I write down the line of code above, that makes the job, but I think, there is a condensed and smarter way to get it...

  • Thanks you all for the answers! I have chosen the one which is the simplest (at least for me) and above all that fits in a single line. – mattia.b89 Aug 7 '17 at 19:28
1
find . -maxdepth 1 -type f | awk 'END {printf("%d %s%s\n", NR, "file", (NR > 1) ? "s" : "")}'

Explanation:

  1. find . -maxdepth 1 -type f - search all files in the current directory.
  2. awk 'END {printf("%d %s%s\n", NR, "file", (NR > 1) ? "s" : "")}'
    • NR = number of lines received from the find program, which is equal to the number of files.
    • (NR > 1) ? "s" : "") - if the number of lines (files) more than 1, add the s ending to the file word.
3

First you can use a faster command to find the correct number. My tests show that find . -maxdepth 1 -type f -not -name '.*' | wc -l is faster than ls -l | grep '^-' | wc -l (about 4:3). If you also want hidden files you have to use ls -a or leave out the -not -name '.*' part with find.

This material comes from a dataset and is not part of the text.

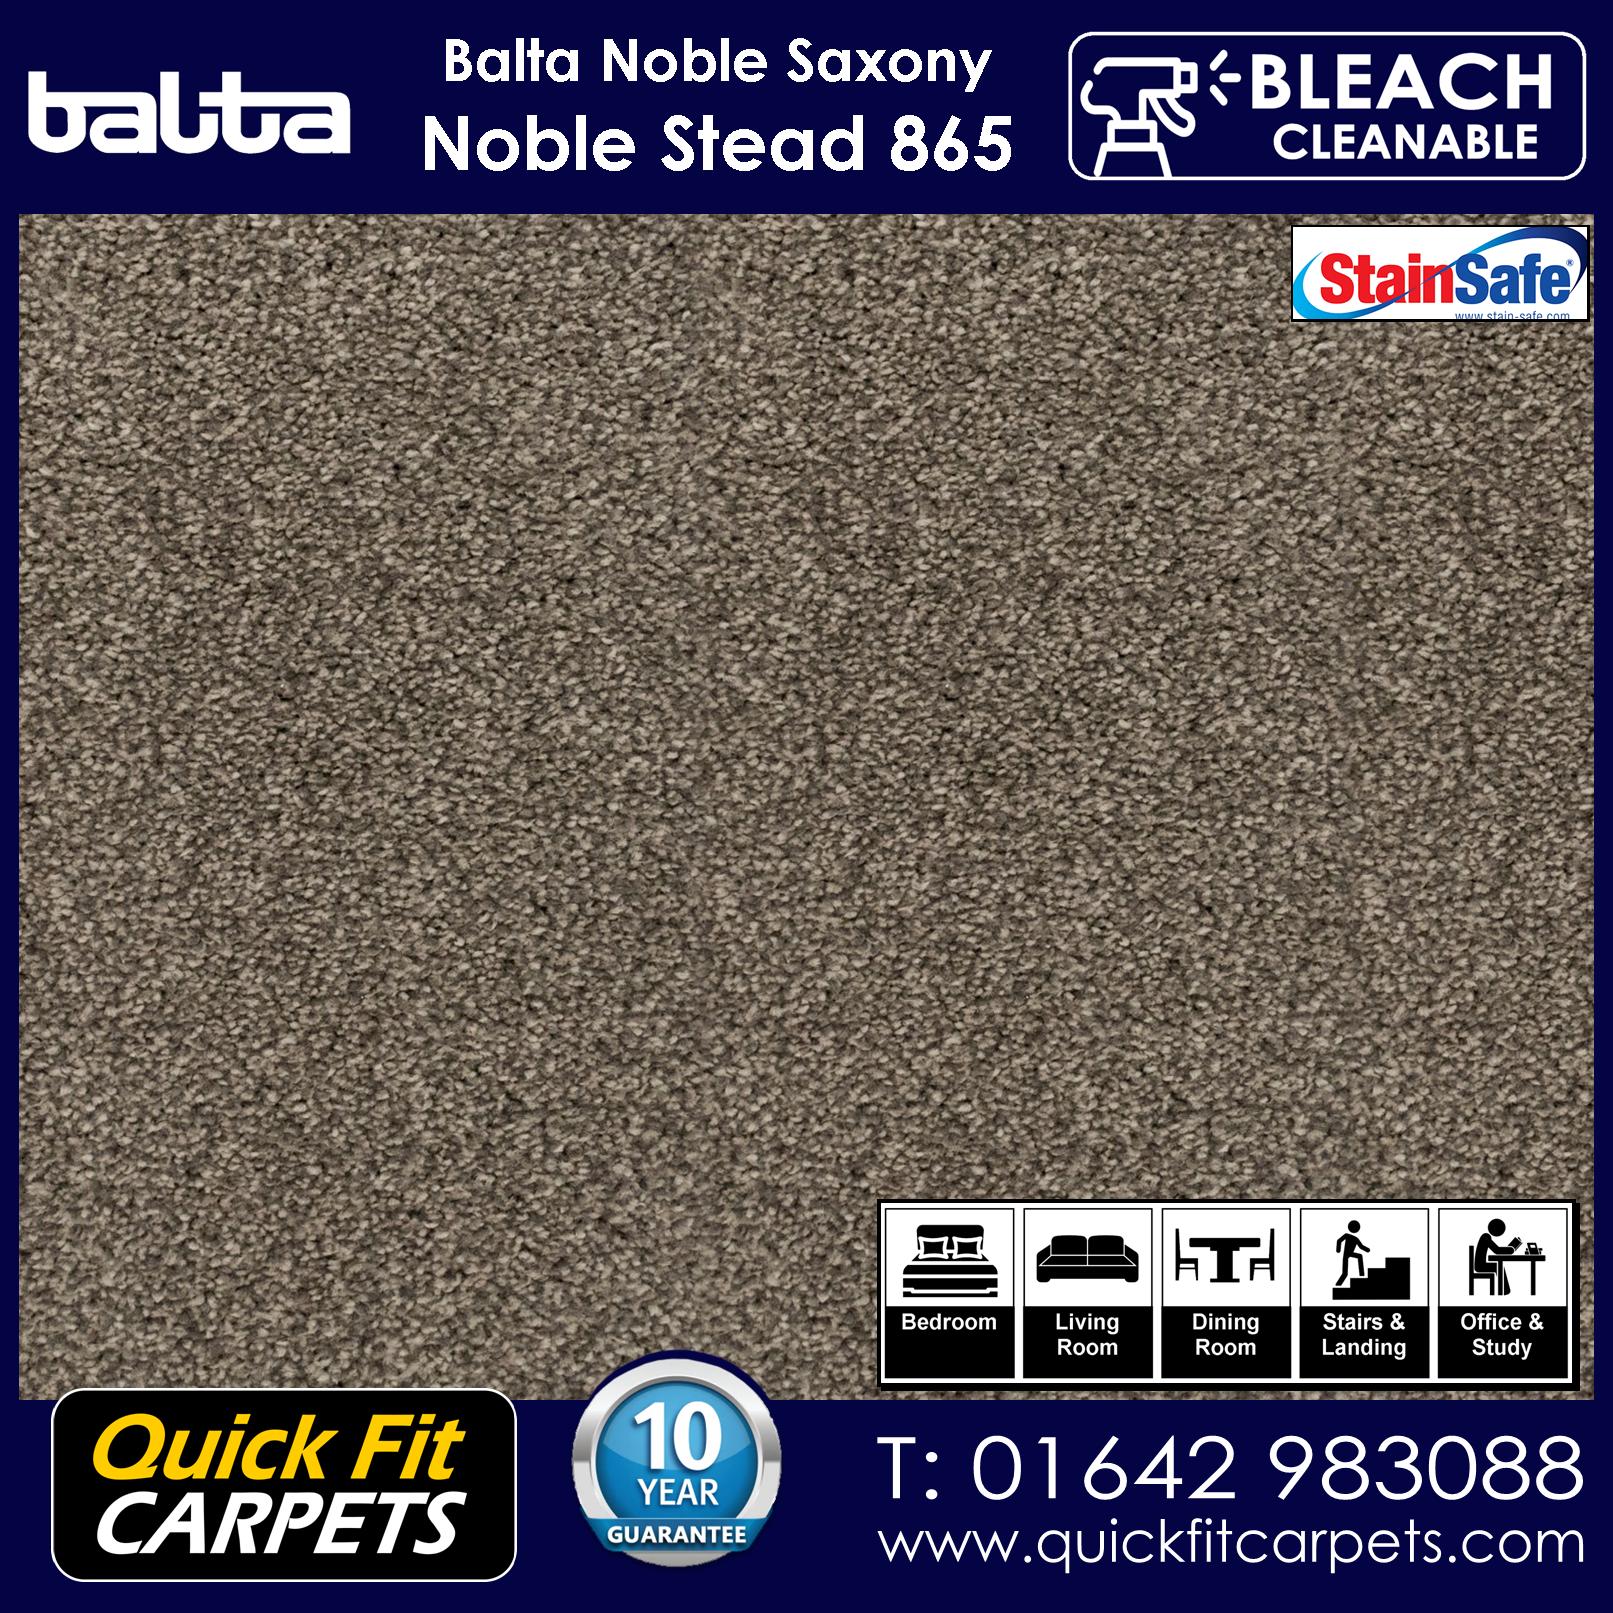 Quick Fit Carpets Balta Luxury Pile Noble Stead 865

Next you do not need to count the files twice but instead store the result in a variable and reuse it:

$(count=$(find . -maxdepth 1 -type f -not -name '.*' | wc -l)
  if [[ "$count" -eq 1 ]]; then
    echo "1 file"
  else
    echo "$count files"
  fi)

As you can see you have to use one subshell, otherwise the variable will not be available for the second command. I also used the bash specific [[ ... ]] instead of [ ... ] here. In general it is the better solution.

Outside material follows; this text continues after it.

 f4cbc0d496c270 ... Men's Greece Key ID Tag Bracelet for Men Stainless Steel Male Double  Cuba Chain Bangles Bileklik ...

Lastly you can also use the Bash variable $PROMPT_COMMAND to execute some code just before the $PS1 prompt is printed. That way you don't have to store all the code in the $PS1 variable. The $count variable will be global though. It could look like this:

function count_files () {
  __count=$(find . -maxdepth 1 -type f -not -name '.*' | wc -l)
  if [[ "$__count" -eq 1 ]]; then
    __plural=
  else
    __plural=s
  fi
}
PROMPT_COMMAND=count_files
PS1='other stuff $__count file$__plural more stuff'

Not sure which of these steps you would count as a simplification though :)

EDIT

I just found this SO thread. It can be used to count the files like this

function count_files () {
  local name
  __count=0
  for name in *; do
    [[ -f "$name" ]] && ((__count++))
  done
  # like above ...
}

The speed is around 1:13 compared to the find version. That is manly because it starts less processes (the same reason the find version is faster than the ls version). The tread also has some other solutions with extglob. It all depends on the question if you want files or also links to files or whatnot. Again the code is faster but looks more complex now, so what kind of "simple" are you aiming at?

EDIT 2

Note although in the comments I said that the overhead to start a process might only be small compared to the overhead of sorting when you have to sort many files, for me it starts to show if I run the code in /usr/bin/ which has around 2500 files.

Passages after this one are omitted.